Os espaços públicos são discutidos a partir dos seus usos como lugares de encontro, lazer e fruição estética, além da sua preservação como patrimônio. "A mostra reflete sobre o que esses espaços representam e como são ressignificados ao longo do tempo", analisa Beatriz.
O legado Burle Marx na botânica também é celebrado, com registros que documentam as viagens de pesquisa feitas pelo paisagista e sua equipe pelo Brasil, com o intuito de conhecer novas paisagens, valorizar biomas e coletar espécies para seus jardins.
Essas excursões contribuíram para a ciência ao promover a catalogação de mais de 50 espécies não registradas à época, e ao identificar plantas em risco de extinção
Em diálogo com esse tema, está a obra comissionada de Mario Lopes, artista e coreógrafo paulistano que, desde 2009, trabalha como articulador cultural com foco na promoção e circulação de obras e projetos que buscam transformações sociais.
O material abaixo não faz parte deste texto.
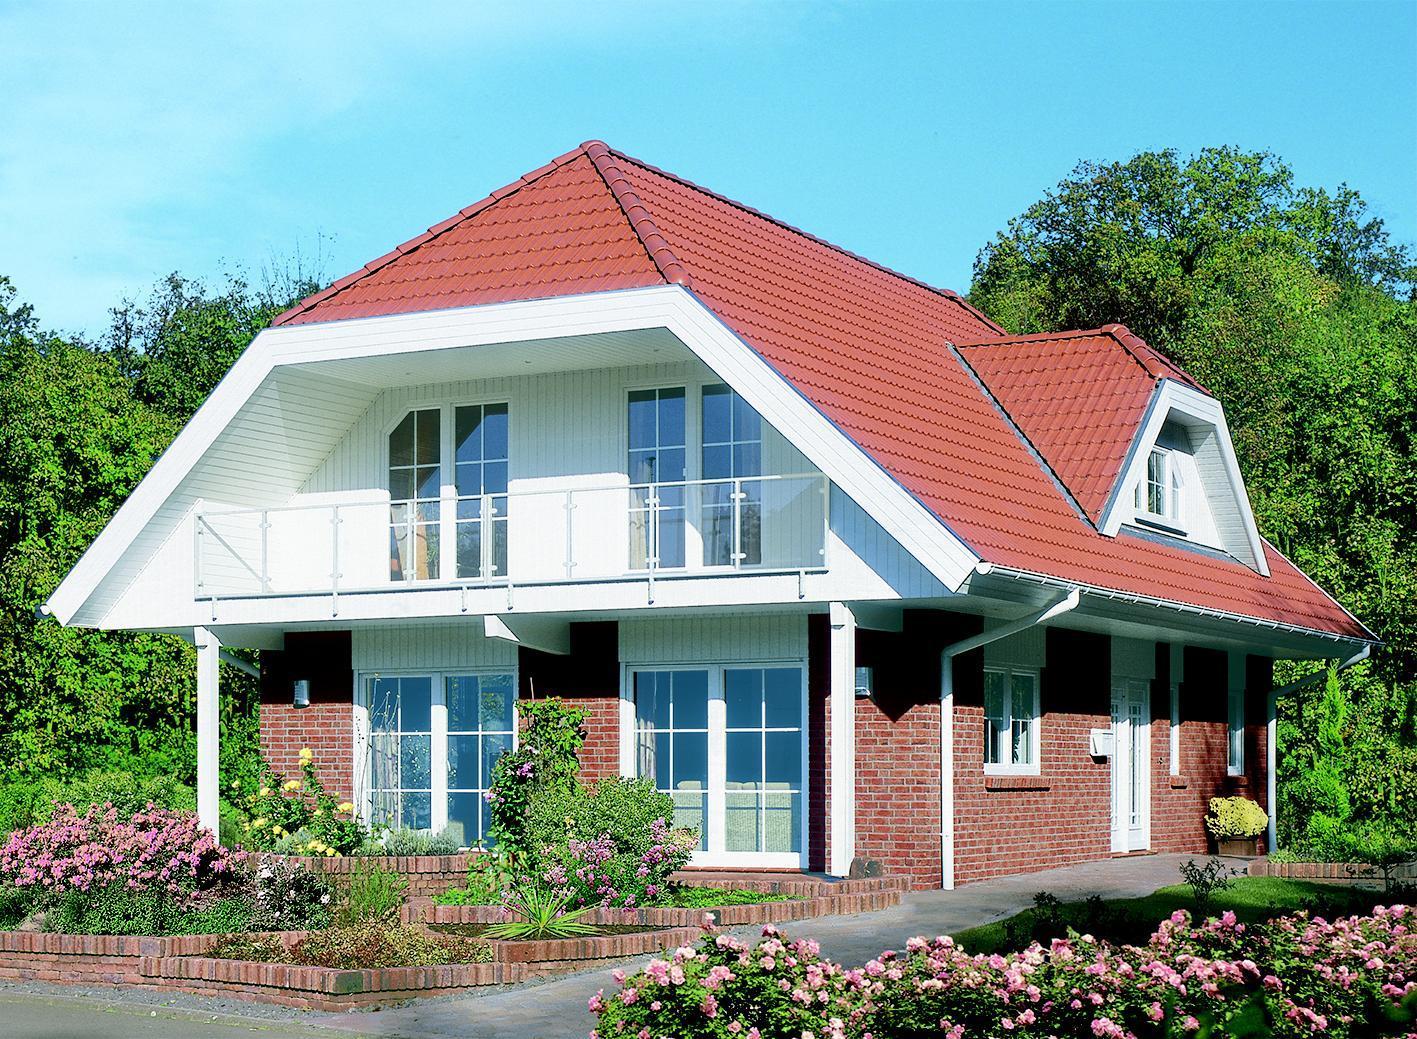 danhaus das 1liter haus in frankfurt bauunternehmen in bad vilbel ludwig erhard stra e 66. Black Bedroom Furniture Sets. Home Design Ideas

Para a exposição Lugar de estar, produziu sete vídeos com performances de dança, em colaboração com outros bailarinos, captadas em espaços concebidos por Burle Marx e seus colaboradores na cidade do Rio de Janeiro, como Largo da Carioca, Praia de Copacabana e Parque da Maré.
"O Mário é um artista que fala de corpo e território, como esses corpos circulam nas cidades e nos espaços para a sociedade projetados por Burle Marx", expõe Isabela.
A artista e ativista indígena Yacunã Tuxá, de Rodelas, sertão da Bahia, trabalha com a criação de figuras indígenas, principalmente mulheres, em diversos contextos de trabalho, localidade e relações, e recebeu o convite para pensar uma obra a partir do legado de Burle Marx e a paisagem construída do Parque do Flamengo. Em uma pintura com galhos e peças em cerâmica, a artista aborda os processos de enraizamento e semeadura, e recria seu bioma de origem, a caatinga brasileira, para refletir sobre os lugares de lazer que nos acolhem. "Ela tem uma questão muito subjetiva, profunda e delicada da questão do enraizar e do semear, que tem tudo a ver com a obra do Burle Marx. Então, não é uma leitura direta, mas sim uma conexão que o MAM e o Instituto Burle Marx quiseram trabalhar com a artista", afirma Isabela.
A obra de Yacunã faz uma ponte com as excursões realizadas nos biomas nacionais por Burle Marx e colaboradores, que tinham como objetivo estudar as paisagens naturais brasileiras, atentos às espécies vegetais nativas com potencial ornamental, que se tornariam elementos para a construção de novas paisagens através de seus projetos.
Os espaços públicos são discutidos a partir dos seus usos como lugares de encontro, lazer e fruição estética, além da sua preservação como patrimônio. "A mostra traz uma perspectiva física e simbólica desses espaços, e reflete sobre o que representam e como são ressignificados ao longo do tempo", analisa Beatriz.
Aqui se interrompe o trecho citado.